# Proof Verification: the orthogonal complement of the column space is the left nullspace

Can someone please check my proof and my definitions.

Let $$A \in \mathbb{R}^{n \times m}$$ be my matrix.

The left null space of $$A$$ is written as,

$$\mathcal{N}(A^\top) = \{x \in \mathbb{R}^n| A^\top x = 0\}$$

The orthogonal complement of the column space $$\mathcal{C}(A)$$ is written as,

$$\mathcal{C}(A)^\perp = \{x \in \mathbb{R}^n | x^\top y = 0, \forall y \in \mathcal{C}(A)\}$$

We want to show that $$\mathcal{N}(A^\top) = \mathcal{C}(A)^\perp$$

First, we show, $$\mathcal{N}(A^\top) \subseteq \mathcal{C}(A)^\perp$$

Let $$x \in \mathcal{N}(A^\top)$$, then $$A^\top x = 0 \implies x^\top A = 0^\top \implies x^\top Av= 0^\top v, \forall v \in \mathcal{C}(A) \implies x^\top y = 0 , y = Av$$, $$\implies x \in C(A)^\perp$$.

Next, we show, $$\mathcal{N}(A^\top) \supseteq \mathcal{C}(A)^\perp$$

Let $$x \in C(A)^\perp$$, then $$x^\top y = 0$$, forall $$y \in C(A)$$. But $$y = Av, \forall v \in \mathbb{R}^n$$. Hence, $$x^\top y = x^\top Av = v^\top A^\top x.$$ For all $$v \neq 0, A^\top x = 0$$, hence $$x \in \mathcal{N}(A^\top)$$.

I'm pretty confident about the first proof.
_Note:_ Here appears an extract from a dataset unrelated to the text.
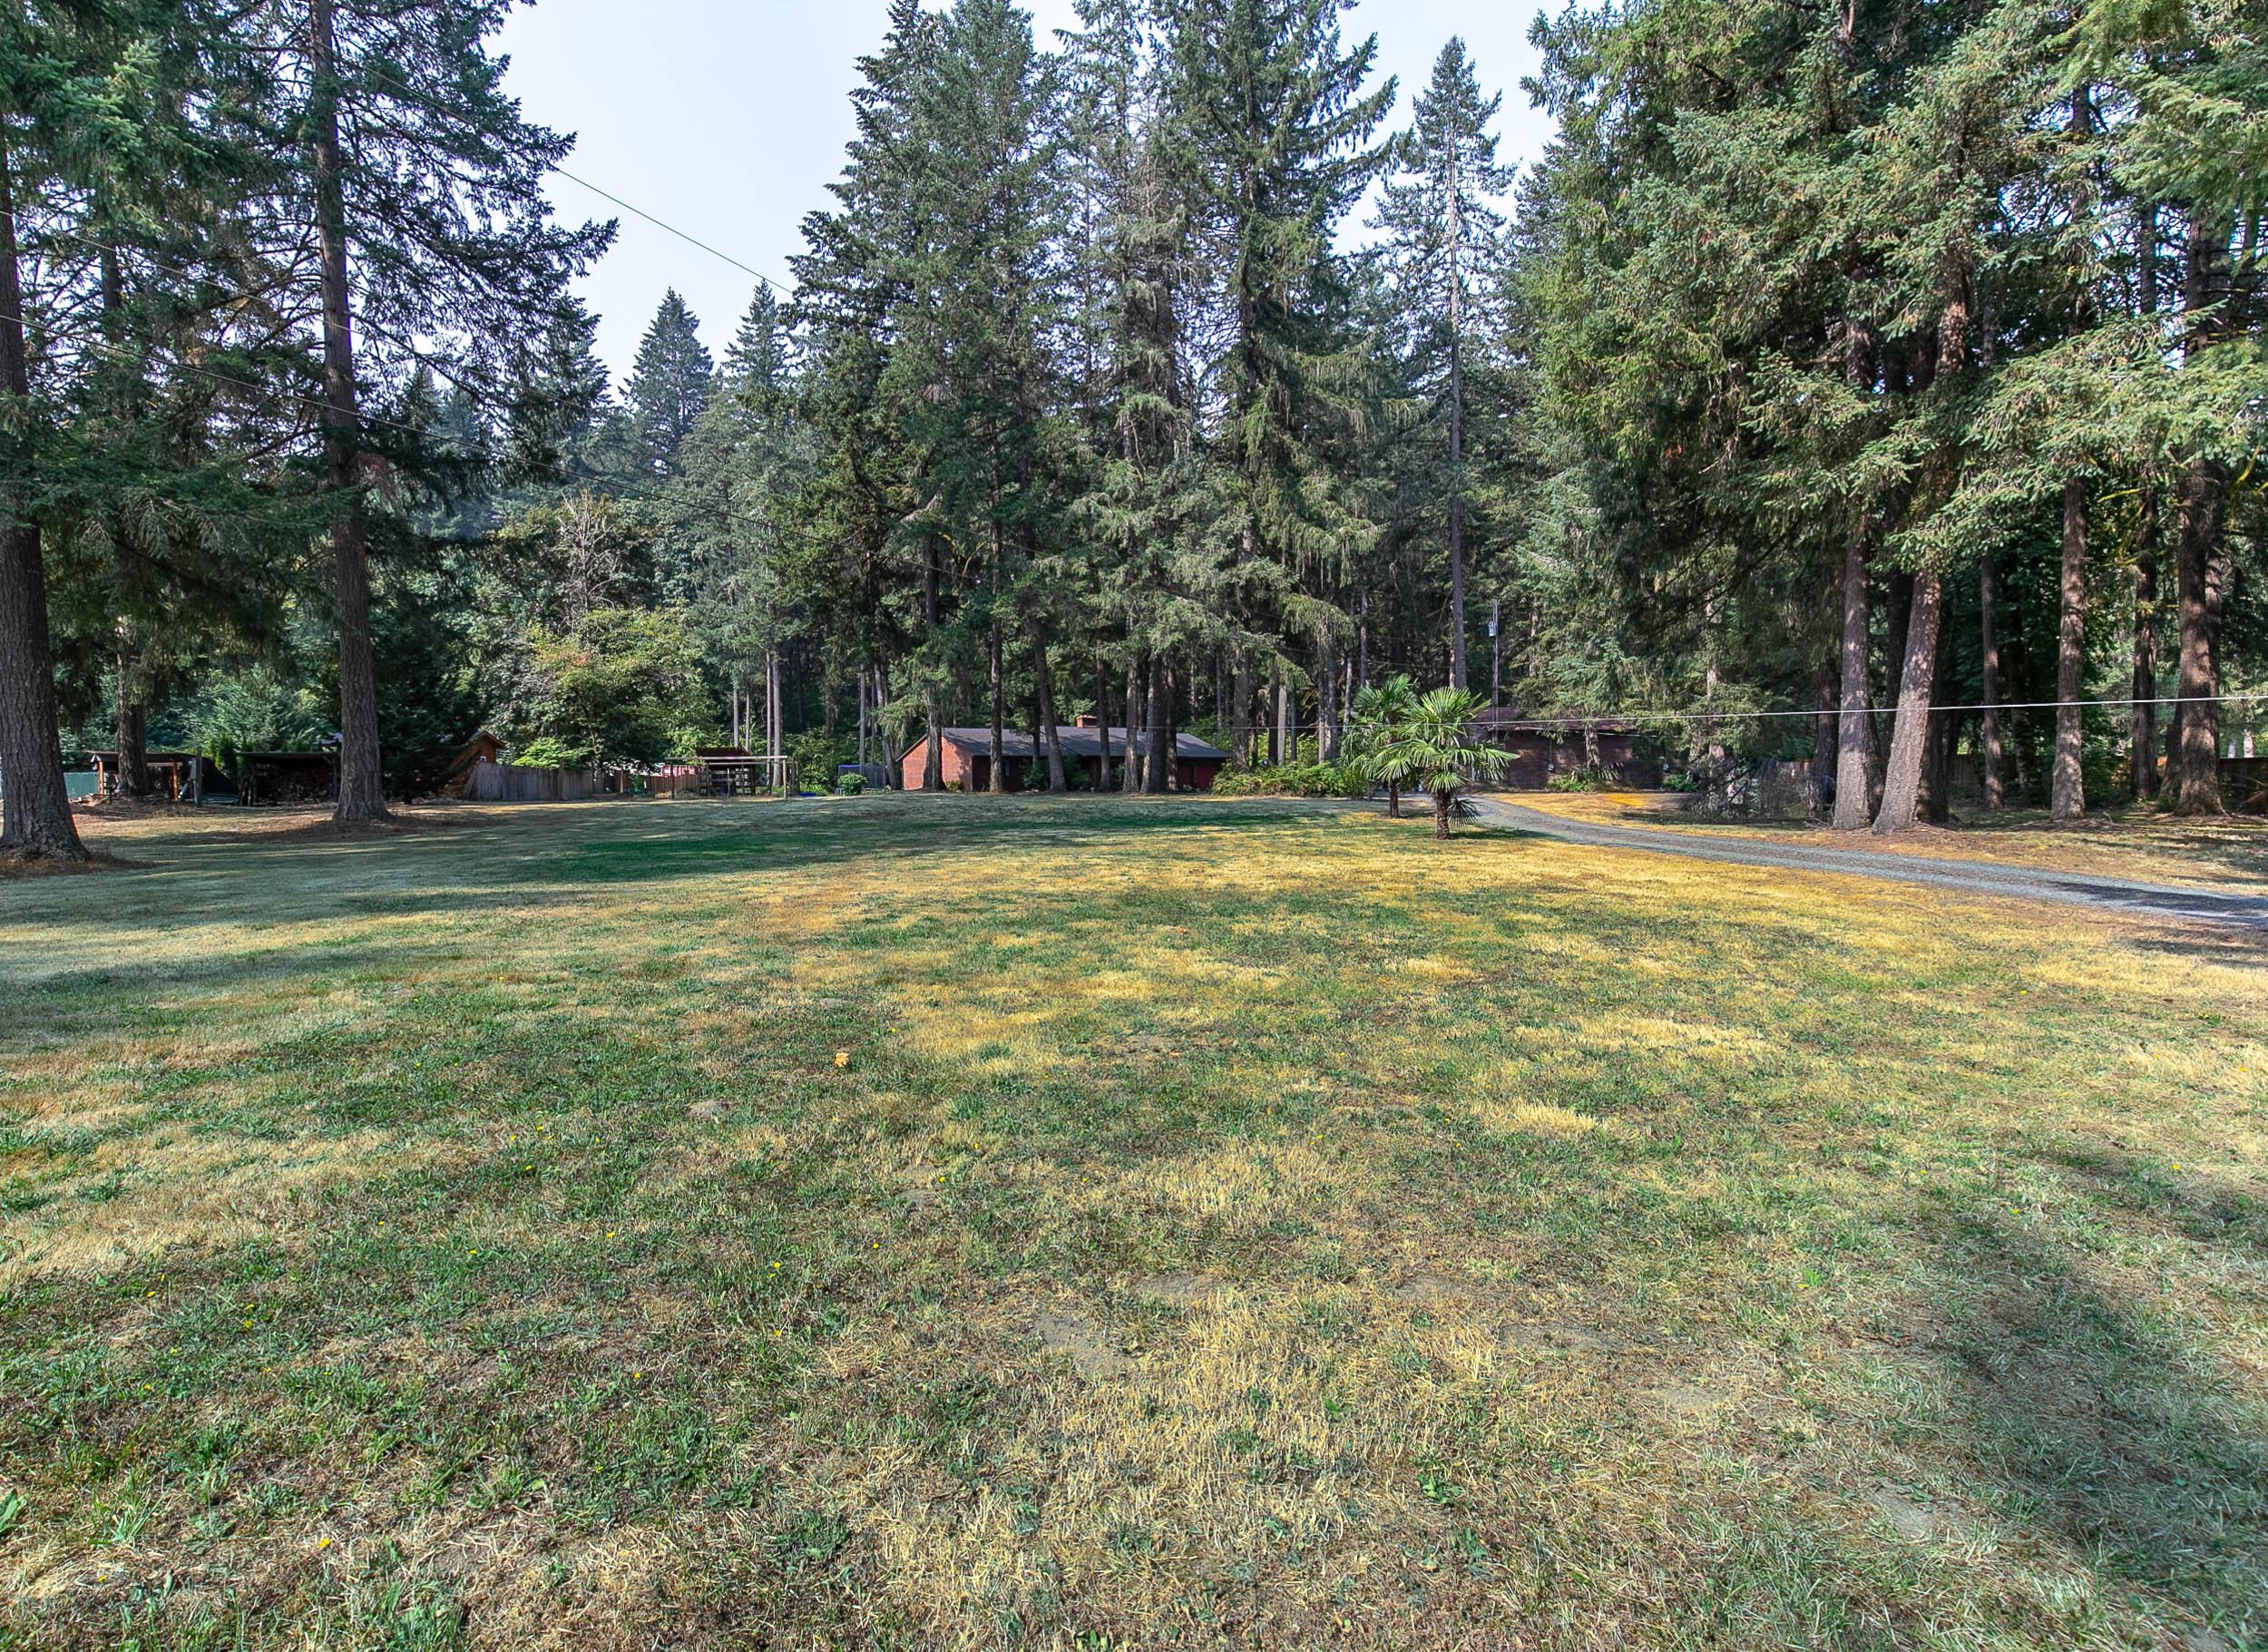 002_16181 S Eaden Rd Oregon City_MG_6635-HDR.jpg

But the second proof is a bit more rough. Can someone please check for me.

$$y \in C(A)$$ means that there exists (at least one) $$v$$ of appropriate dimension such that $$y = Av$$.

So we can say: For $$x \in C(A)^{\perp}$$, then $$x^T y = 0$$ for every $$y \in C(A)$$. For every $$y \in C(A)$$, we can express $$y = Av$$ for some (nonzero) $$v$$. So we can always express $$x^T y$$ as $$x^T Av$$. So $$x^T y = x^T (A v) = (x^T A) v = (A^T x)^T v = 0^T v = 0$$ for $$v \neq 0$$, so we must have $$A^T x = 0$$, i.e., $$x \in N(A^T)$$.